Exercise aim: Keeping every word in place, write out the entries that come next.

Information supplied:
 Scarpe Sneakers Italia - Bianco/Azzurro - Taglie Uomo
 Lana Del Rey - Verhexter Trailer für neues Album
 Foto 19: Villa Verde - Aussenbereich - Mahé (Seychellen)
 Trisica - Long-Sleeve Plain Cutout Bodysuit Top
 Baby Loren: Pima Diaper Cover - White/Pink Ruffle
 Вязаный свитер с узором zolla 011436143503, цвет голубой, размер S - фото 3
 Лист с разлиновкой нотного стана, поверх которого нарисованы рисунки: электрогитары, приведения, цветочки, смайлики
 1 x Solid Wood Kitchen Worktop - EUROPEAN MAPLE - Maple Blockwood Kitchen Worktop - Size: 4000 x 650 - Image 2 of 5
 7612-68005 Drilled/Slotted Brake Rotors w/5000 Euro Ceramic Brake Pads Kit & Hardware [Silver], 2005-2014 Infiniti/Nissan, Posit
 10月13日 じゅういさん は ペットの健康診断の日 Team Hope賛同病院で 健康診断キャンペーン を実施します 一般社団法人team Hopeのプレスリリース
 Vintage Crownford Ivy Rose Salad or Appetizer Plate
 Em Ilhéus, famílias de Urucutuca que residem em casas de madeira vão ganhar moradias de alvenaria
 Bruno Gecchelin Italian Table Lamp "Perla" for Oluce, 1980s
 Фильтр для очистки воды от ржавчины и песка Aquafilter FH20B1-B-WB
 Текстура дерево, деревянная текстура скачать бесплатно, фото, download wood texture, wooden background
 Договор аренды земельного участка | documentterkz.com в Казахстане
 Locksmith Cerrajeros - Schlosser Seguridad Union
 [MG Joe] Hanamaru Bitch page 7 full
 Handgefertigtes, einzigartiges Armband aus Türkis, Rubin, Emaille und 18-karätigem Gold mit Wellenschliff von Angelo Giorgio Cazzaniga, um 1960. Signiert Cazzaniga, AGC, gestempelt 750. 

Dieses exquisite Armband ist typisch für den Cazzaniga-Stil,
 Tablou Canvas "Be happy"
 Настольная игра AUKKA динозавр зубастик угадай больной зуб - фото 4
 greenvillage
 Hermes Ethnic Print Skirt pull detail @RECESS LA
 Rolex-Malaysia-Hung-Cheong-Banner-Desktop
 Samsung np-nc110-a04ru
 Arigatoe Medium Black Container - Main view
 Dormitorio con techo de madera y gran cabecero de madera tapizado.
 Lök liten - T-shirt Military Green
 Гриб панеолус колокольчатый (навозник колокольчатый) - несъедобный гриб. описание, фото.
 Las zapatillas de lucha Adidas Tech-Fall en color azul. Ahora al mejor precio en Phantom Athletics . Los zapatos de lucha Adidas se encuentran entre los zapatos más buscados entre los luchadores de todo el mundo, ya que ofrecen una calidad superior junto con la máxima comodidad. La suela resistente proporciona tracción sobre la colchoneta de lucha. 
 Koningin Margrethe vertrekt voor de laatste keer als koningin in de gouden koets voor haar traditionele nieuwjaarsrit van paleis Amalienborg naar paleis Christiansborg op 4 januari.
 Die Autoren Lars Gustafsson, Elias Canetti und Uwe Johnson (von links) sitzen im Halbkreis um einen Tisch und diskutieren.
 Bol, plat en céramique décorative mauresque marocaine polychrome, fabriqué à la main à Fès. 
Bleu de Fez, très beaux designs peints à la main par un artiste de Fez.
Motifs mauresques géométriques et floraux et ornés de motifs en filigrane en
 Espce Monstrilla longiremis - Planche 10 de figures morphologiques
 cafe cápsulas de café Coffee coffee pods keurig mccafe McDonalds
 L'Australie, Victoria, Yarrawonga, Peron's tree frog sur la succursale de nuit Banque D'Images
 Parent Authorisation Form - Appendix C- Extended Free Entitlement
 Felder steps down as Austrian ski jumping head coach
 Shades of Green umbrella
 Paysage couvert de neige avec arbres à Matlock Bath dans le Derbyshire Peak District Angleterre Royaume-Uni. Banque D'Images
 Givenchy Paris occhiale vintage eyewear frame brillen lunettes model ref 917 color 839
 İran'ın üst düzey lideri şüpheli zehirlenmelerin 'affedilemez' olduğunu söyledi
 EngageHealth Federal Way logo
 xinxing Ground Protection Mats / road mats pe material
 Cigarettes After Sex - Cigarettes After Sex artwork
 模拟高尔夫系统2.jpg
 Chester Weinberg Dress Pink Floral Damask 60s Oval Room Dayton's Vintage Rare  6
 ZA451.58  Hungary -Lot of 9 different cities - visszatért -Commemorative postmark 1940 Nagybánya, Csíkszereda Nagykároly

Solution:
 Scarpe Sneakers Italia - Bianco/Azzurro - Taglie Uomo
 Lana Del Rey - Verhexter Trailer für neues Album
 Foto 19: Villa Verde - Aussenbereich - Mahé (Seychellen)
 Trisica - Long-Sleeve Plain Cutout Bodysuit Top
 Baby Loren: Pima Diaper Cover - White/Pink Ruffle
 Вязаный свитер с узором zolla 011436143503, цвет голубой, размер S - фото 3
 Лист с разлиновкой нотного стана, поверх которого нарисованы рисунки: электрогитары, приведения, цветочки, смайлики
 1 x Solid Wood Kitchen Worktop - EUROPEAN MAPLE - Maple Blockwood Kitchen Worktop - Size: 4000 x 650 - Image 2 of 5
 7612-68005 Drilled/Slotted Brake Rotors w/5000 Euro Ceramic Brake Pads Kit & Hardware [Silver], 2005-2014 Infiniti/Nissan, Posit
 10月13日 じゅういさん は ペットの健康診断の日 Team Hope賛同病院で 健康診断キャンペーン を実施します 一般社団法人team Hopeのプレスリリース
 Vintage Crownford Ivy Rose Salad or Appetizer Plate
 Em Ilhéus, famílias de Urucutuca que residem em casas de madeira vão ganhar moradias de alvenaria
 Bruno Gecchelin Italian Table Lamp "Perla" for Oluce, 1980s
 Фильтр для очистки воды от ржавчины и песка Aquafilter FH20B1-B-WB
 Текстура дерево, деревянная текстура скачать бесплатно, фото, download wood texture, wooden background
 Договор аренды земельного участка | documentterkz.com в Казахстане
 Locksmith Cerrajeros - Schlosser Seguridad Union
 [MG Joe] Hanamaru Bitch page 7 full
 Handgefertigtes, einzigartiges Armband aus Türkis, Rubin, Emaille und 18-karätigem Gold mit Wellenschliff von Angelo Giorgio Cazzaniga, um 1960. Signiert Cazzaniga, AGC, gestempelt 750. 

Dieses exquisite Armband ist typisch für den Cazzaniga-Stil,
 Tablou Canvas "Be happy"
 Настольная игра AUKKA динозавр зубастик угадай больной зуб - фото 4
 greenvillage
 Hermes Ethnic Print Skirt pull detail @RECESS LA
 Rolex-Malaysia-Hung-Cheong-Banner-Desktop
 Samsung np-nc110-a04ru
 Arigatoe Medium Black Container - Main view
 Dormitorio con techo de madera y gran cabecero de madera tapizado.
 Lök liten - T-shirt Military Green
 Гриб панеолус колокольчатый (навозник колокольчатый) - несъедобный гриб. описание, фото.
 Las zapatillas de lucha Adidas Tech-Fall en color azul. Ahora al mejor precio en Phantom Athletics . Los zapatos de lucha Adidas se encuentran entre los zapatos más buscados entre los luchadores de todo el mundo, ya que ofrecen una calidad superior junto con la máxima comodidad. La suela resistente proporciona tracción sobre la colchoneta de lucha. 
 Koningin Margrethe vertrekt voor de laatste keer als koningin in de gouden koets voor haar traditionele nieuwjaarsrit van paleis Amalienborg naar paleis Christiansborg op 4 januari.
 Die Autoren Lars Gustafsson, Elias Canetti und Uwe Johnson (von links) sitzen im Halbkreis um einen Tisch und diskutieren.
 Bol, plat en céramique décorative mauresque marocaine polychrome, fabriqué à la main à Fès. 
Bleu de Fez, très beaux designs peints à la main par un artiste de Fez.
Motifs mauresques géométriques et floraux et ornés de motifs en filigrane en
 Espce Monstrilla longiremis - Planche 10 de figures morphologiques
 cafe cápsulas de café Coffee coffee pods keurig mccafe McDonalds
 L'Australie, Victoria, Yarrawonga, Peron's tree frog sur la succursale de nuit Banque D'Images
 Parent Authorisation Form - Appendix C- Extended Free Entitlement
 Felder steps down as Austrian ski jumping head coach
 Shades of Green umbrella
 Paysage couvert de neige avec arbres à Matlock Bath dans le Derbyshire Peak District Angleterre Royaume-Uni. Banque D'Images
 Givenchy Paris occhiale vintage eyewear frame brillen lunettes model ref 917 color 839
 İran'ın üst düzey lideri şüpheli zehirlenmelerin 'affedilemez' olduğunu söyledi
 EngageHealth Federal Way logo
 xinxing Ground Protection Mats / road mats pe material
 Cigarettes After Sex - Cigarettes After Sex artwork
 模拟高尔夫系统2.jpg
 Chester Weinberg Dress Pink Floral Damask 60s Oval Room Dayton's Vintage Rare  6
 ZA451.58  Hungary -Lot of 9 different cities - visszatért -Commemorative postmark 1940 Nagybánya, Csíkszereda Nagykároly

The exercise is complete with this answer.